The Department of Defense has unveiled a new initiative to screen service members for low testosterone levels, marking a significant expansion of hormone therapy access within the military. Defense Secretary Pete Hegseth announced the program, emphasizing its role in enhancing military readiness and long-term health. This move comes amidst ongoing debates about the administration’s stance on hormone therapy, particularly for transgender service members.
The program will offer annual testosterone testing for service members aged 30 and older, with voluntary testing available for younger troops. Those diagnosed with a deficiency may receive testosterone replacement therapy if recommended by a medical provider. Hegseth framed the initiative as a means to restore and optimize natural capabilities, rather than artificially enhance performance.
Contrasting Approaches to Hormone Therapy
The Pentagon’s new program highlights a stark contrast in the administration’s approach to hormone therapy. While testosterone replacement therapy is now being promoted as evidence-based care for cisgender service members, access to gender-affirming hormone therapy for transgender individuals remains restricted. The Trump administration has previously cited medical costs as a reason for limiting transgender healthcare, despite spending significantly more on other treatments.

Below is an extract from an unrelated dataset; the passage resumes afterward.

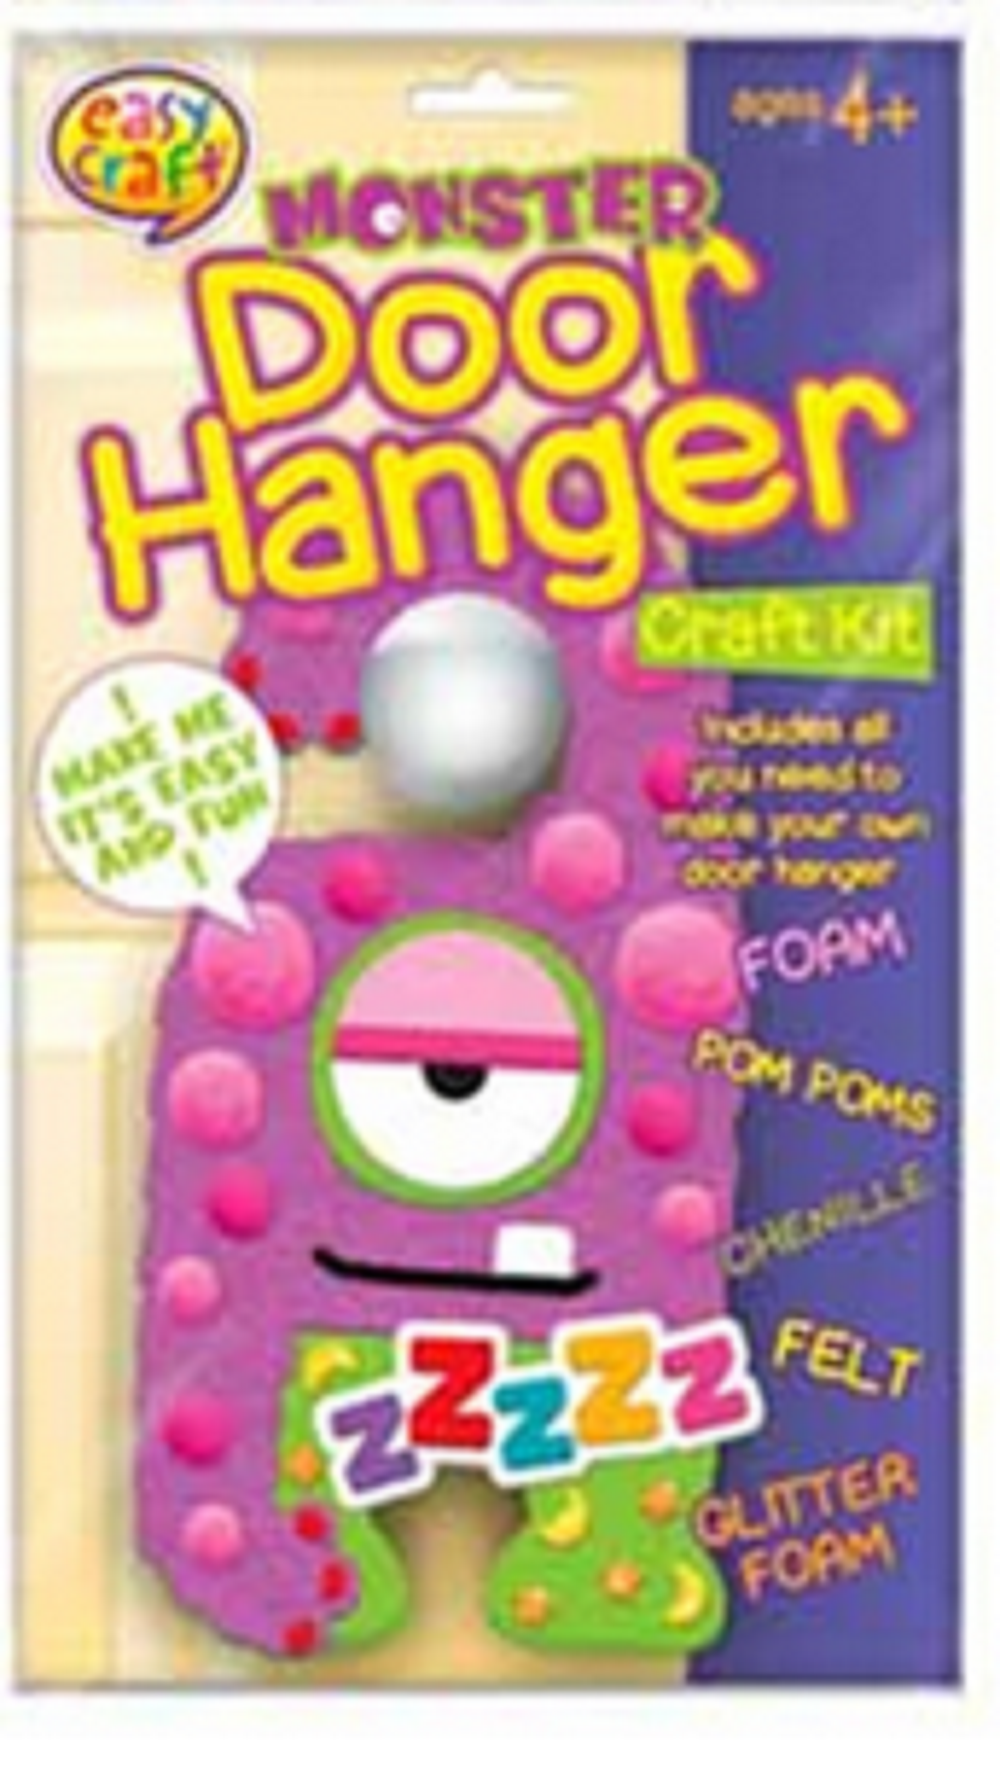 Kreative Kidz Monster Door Hangers

In 2026, U.S. District Judge Ana Reyes blocked the administration’s policy restricting transgender healthcare, noting that the military spent roughly $41 million on Viagra in 2026 alone. The judge described the cost of transgender care as so small in relation to total military spending that it was not even a rounding error. The new testosterone screening program further underscores this disparity in treatment.
Political and Medical Context
The initiative is part of a broader political focus on testosterone levels, with other administration officials advocating for easier access to hormone replacement therapies. Health Secretary Robert F. Kennedy Jr. has spoken about using testosterone as part of his personal anti-ageing regimen. However, medical experts caution that blanket testing for low testosterone is not typically recommended, as levels can fluctuate throughout the day.
The American Urological Association emphasized that a diagnosis of low testosterone should not be based on a single blood test alone. Instead, it should involve symptoms and two separate tests. The association appreciated the administration’s understanding of the importance of screening but stressed the need for comprehensive evaluation.
Scrutiny and Controversy
The move has drawn attention from advocates for transgender rights, who point out the inconsistency in the administration’s policies. Rep. Pramila Jayapal highlighted the disparity, noting that the same hormone therapy is being provided to cisgender service members while being denied to transgender individuals. This contradiction raises questions about the underlying motivations for these policies.
Additionally, the program has sparked discussions about the broader implications of hormone therapy in the military. Some experts have raised concerns about the potential for misuse or overdiagnosis, particularly given the aggressive marketing of testosterone treatments online. The Pentagon’s initiative will likely face further scrutiny as it is implemented and its effects become clearer.